Рассказ
Опубликовано в журнале Урал, номер 12, 2020
Нина Дашевская — пишет книги для детей и подростков, играет на скрипке в квартете, а раньше работала в оркестре — поэтому многие ее книги связаны с музыкой. Лауреат премии им. В. Крапивина и премии «Книгуру». В 2016-м и 2017-м годах была номинирована на международную премию памяти Астрид Линдгрен, а книга «Я не тормоз» вошла в международный каталог мюнхенской библиотеки «The White Ravens». Живёт в Москве.
— Эй! — снежок летит в окно. Выглядываю наружу — это Хью, принёс мне новую порцию шаров.
Я бегом спускаюсь вниз, открываю тяжелую дверь, звенит дверной колокольчик.
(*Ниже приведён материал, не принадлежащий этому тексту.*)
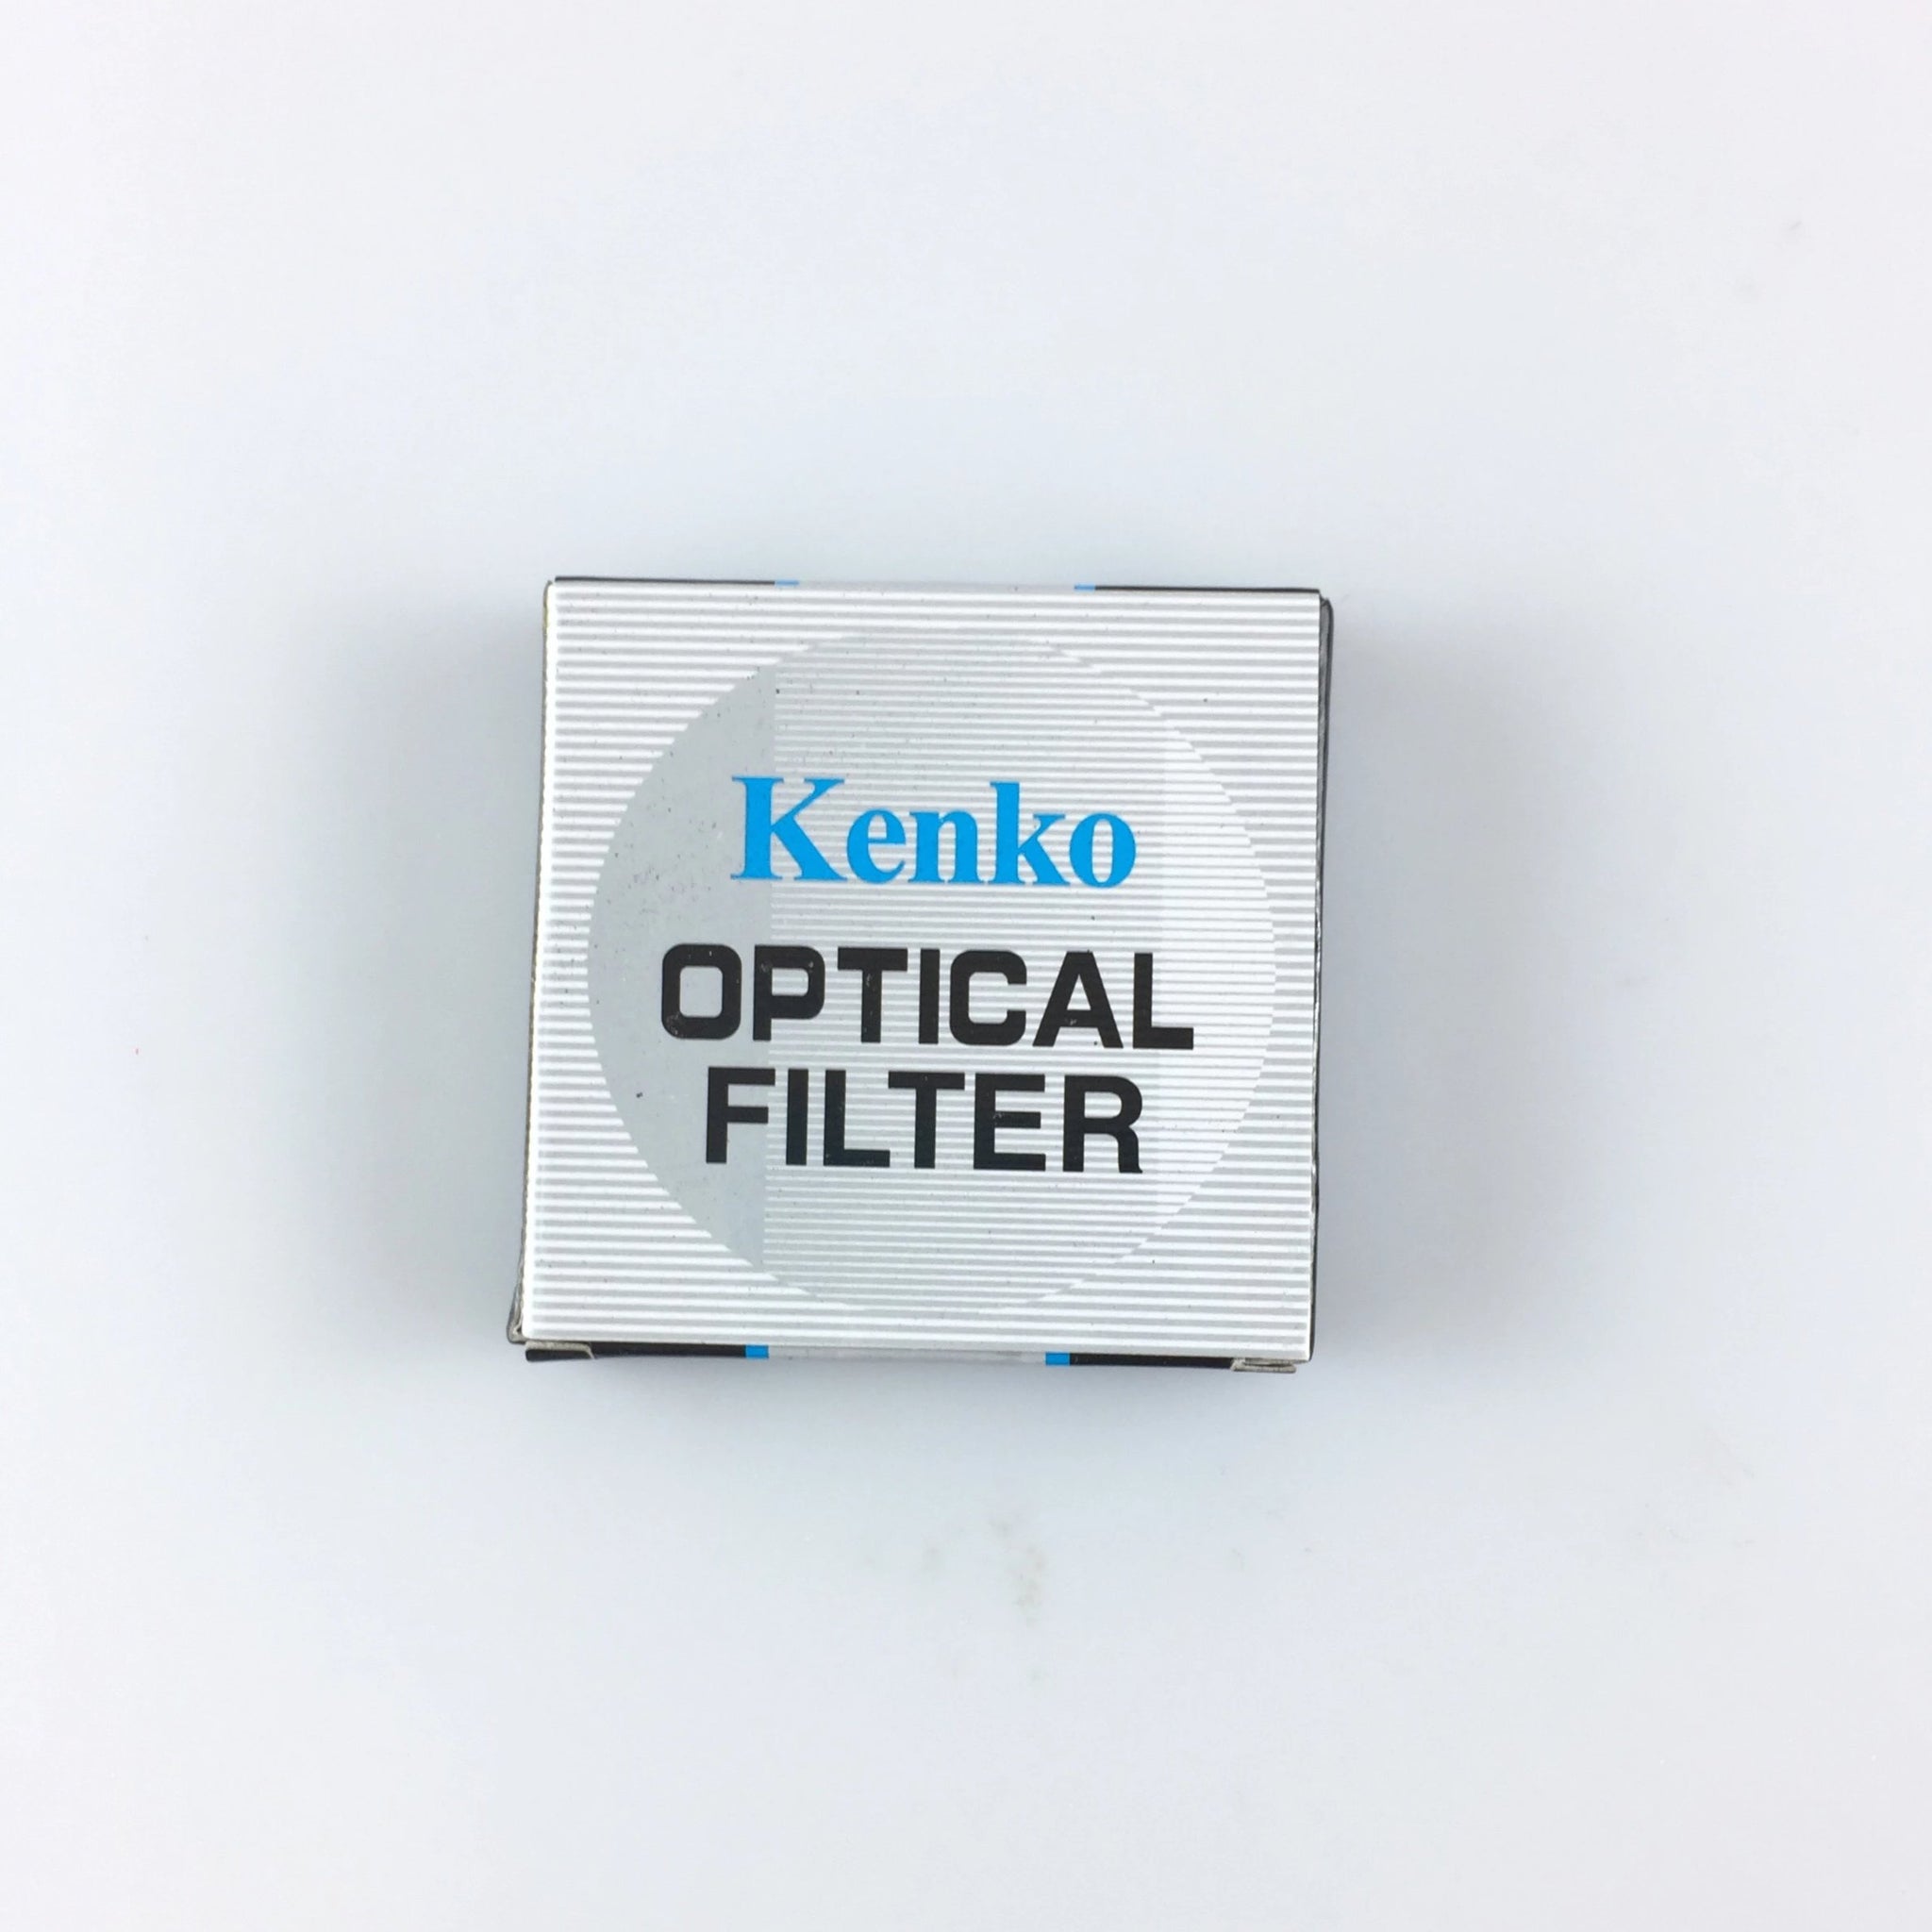 Kenko UV Optical Filter - 52mm U V Camera Filter - Made in Japan - Case Included

— Ничего себе! — говорю я. — Снег! Наконец-то зима!
— Это только у тебя зима, — хмыкает Хью, протягивая мне корзину.
— Как это? — я оглядываю заснеженный двор. Еловые лапы в снегу, качели в снегу, горка, рябина — красные ягоды под снегом сияют, как лампочки.
— Да вот так! — отвечает Хью, — во всём городе грязь и слякоть, и только у твоего дома — погодная аномалия. Удивительно.
Я пожимаю плечами.
— Зайдёшь? —спрашиваю я, но это просто вежливые слова. Я знаю, Хью спешит — он даже не отвечает мне, только машет на прощанье рукой.
На первый взгляд ко мне и заходить некуда, мой дом занимает совсем мало места. Откроешь дверь — и, кажется, кроме вешалки и ботинок, тут ничего не поместится. Гостю уже и встать некуда. Но наверх ведёт узкая лестница; на втором этаже у меня кухня. На третьем — мастерская. А на четвёртом, под самой крышей, я сплю. Такой дом: растёт не в ширину, а вверх. Обычно у людей двери между комнатами, а у меня —лестницы. За день, бывает, так набегаешься! Но я привык.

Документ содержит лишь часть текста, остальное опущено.